Apache Spark is a powerful analytics engine that has a rich library of built-in SQL functions. Due to this, it is usually a bad idea to let users run arbitrary SQL against a shared Spark cluster.
On the surface, Spark SQL may look similar to other SQL languages such as MySQL or PostgreSQL but it is quite different and is capable of doing a lot of damage in the hands of an attacker. In the worst-case scenario, a malicious user could execute arbitrary Java code and shell commands (remote code execution).
Protecting your system against these exploits is different from how it’s usually done in other SQL languages. Any Spark function that accepts Spark SQL as argument is a potential target.
Remote code execution is the holy grail of exploits and by default, this would be as easy as adding a jar containing malicious code to the classpath by calling
ADD JAR '/home/someuser/some-malicious-code.jar';. The
ADD JAR function accepts a URL as an argument so an attacker could pull in any public jar from the internet.

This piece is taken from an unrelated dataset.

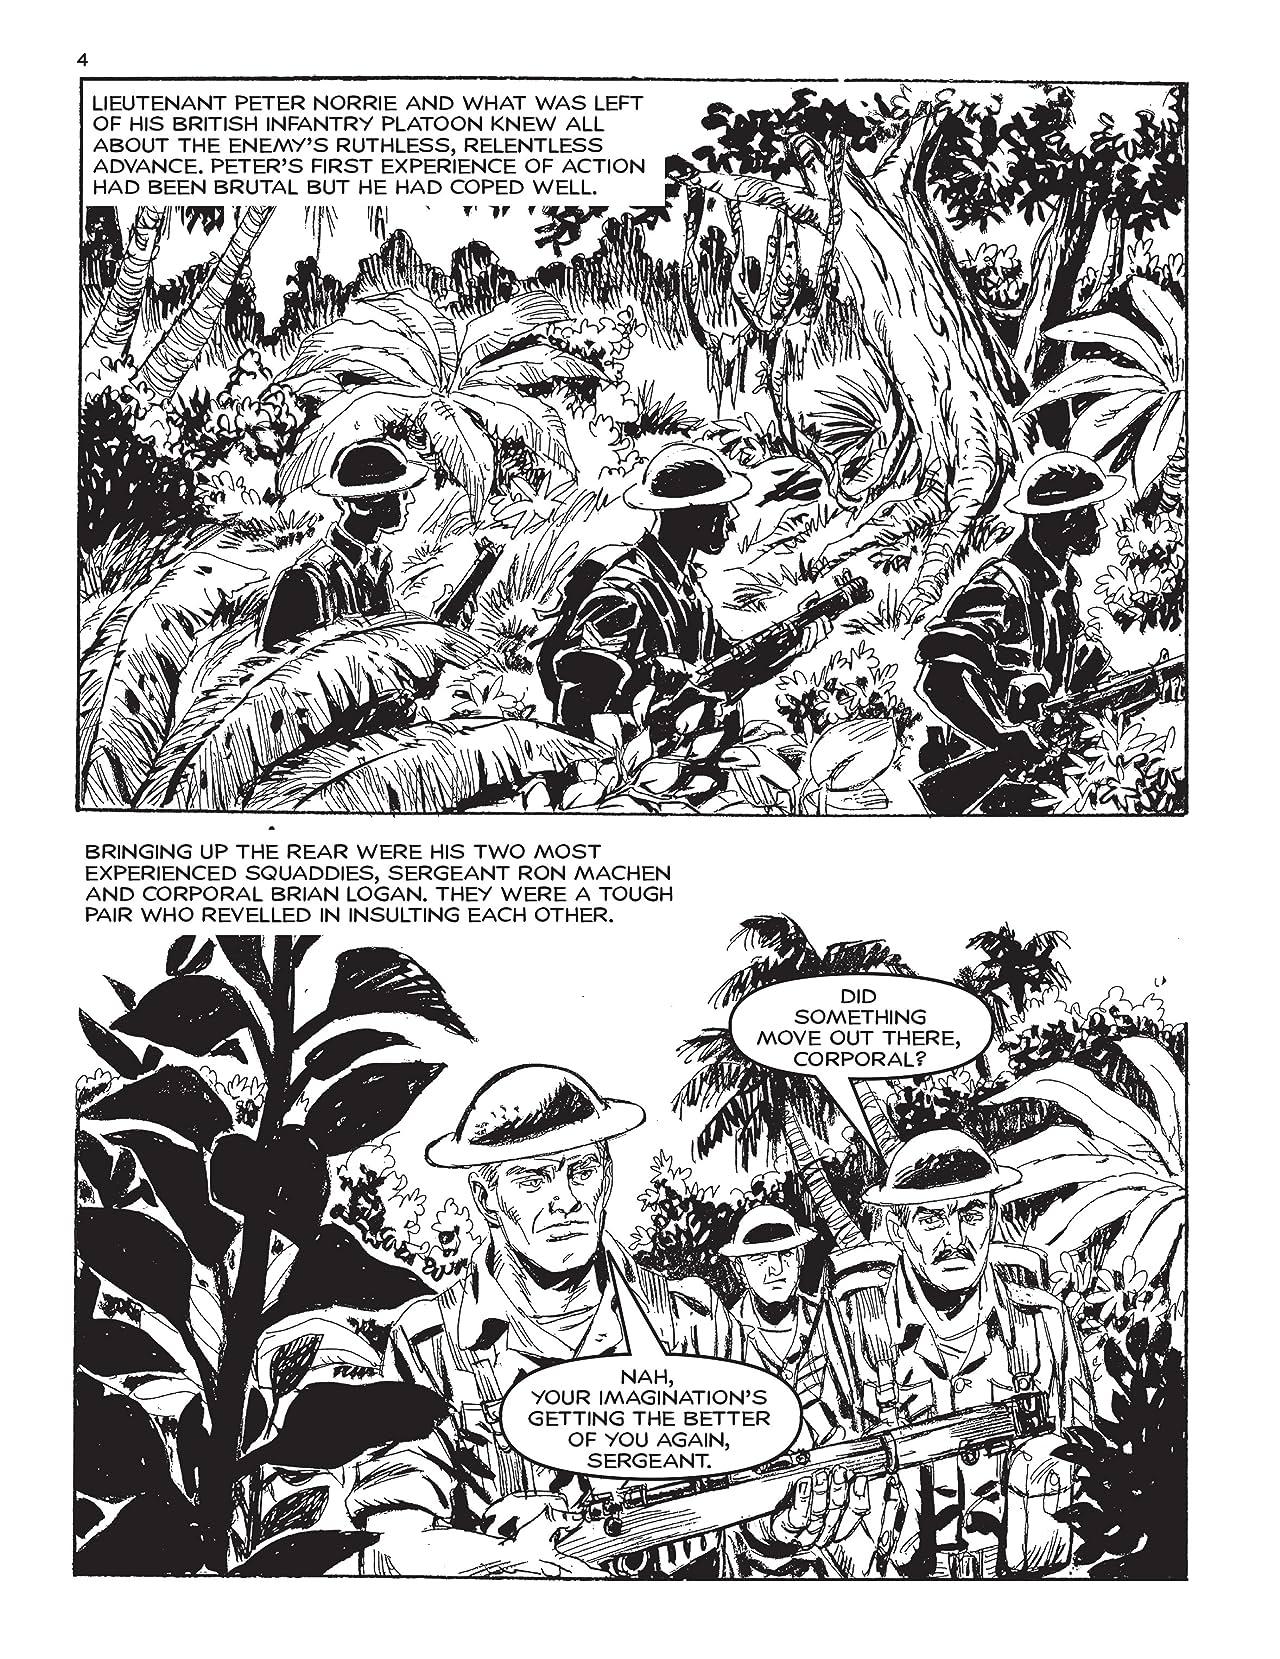 Commando #4899: Massacre In Malaya

For example, to add commons-io:
ADD JAR 'https://repo1.maven.org/maven2/commons-io/commons-io/2.8.0/commons-io-2.8.0.jar';
Spark SQL also provides a way to add arbitrary files to the environment via the
ADD FILE function. This file could be an executable shell script.
ADD FILE '<some file from the internet>'
Spark SQL lets users call Java methods via reflection, so with the malicious jar or shell script on the classpath, an attacker could wreak havoc by executing it.
For example, the following SQL would get them an environment variable.
SELECT java_method('java.lang.System', 'getenv', 'PATH');
SELECT reflect('java.lang.System', 'getenv', 'PATH');
LIST JAR or
LIST FILE commands would give an attacker a list of jars and files on the classpath.
So which specific functions do we need to be careful with? Basically, any function that accepts Spark SQL as argument. For example
org.apache.spark.sql.functions.expr(). If you are passing user input to these functions on a shared cluster, you are taking a risk.
Another consideration is the Hadoop installation where Spark keeps temporary files. An attacker could execute the following and load all CSVs from another user.
SELECT * FROM csv.`/user/notmyuser/*.csv`
Therefore, it is essential that all Spark jobs are run as separate Hadoop users.
In summary, executing Spark SQL from user input on a shared Spark cluster is risky. What can be done to make it safe(r)?
- Sanitizing user input and try to catch malicious input would be a quick but less than ideal solution. There’s always a risk that sanitization fails, or a new, exploitable function gets added in a new release of Spark that the sanitizing function does not check for.
- If physically separating Spark clusters is not an option, then virtualization, where each user has their own set of virtual instances with their own Spark installation would be a solution but it’s hard to implement.
- It’s imperative, that Spark jobs are separated by Hadoop user. This can be done by setting the
HADOOP_USER_NAMEenvironment variable when a Spark job is launched. For example, launching a Spark process via
SparkLauncher launcher = new SparkLauncher() launcher.setConf("spark.driver.extraJavaOptions", "-DHADOOP_USER_NAME=<hadoop user name>")
Launching jobs this way will ensure that users cannot load files from outside their own Hadoop directories.
All of the above is applicable only to shared standalone Spark installations with Hadoop. Running Spark with Hive and other technologies introduces additional security risks which I will cover in another article.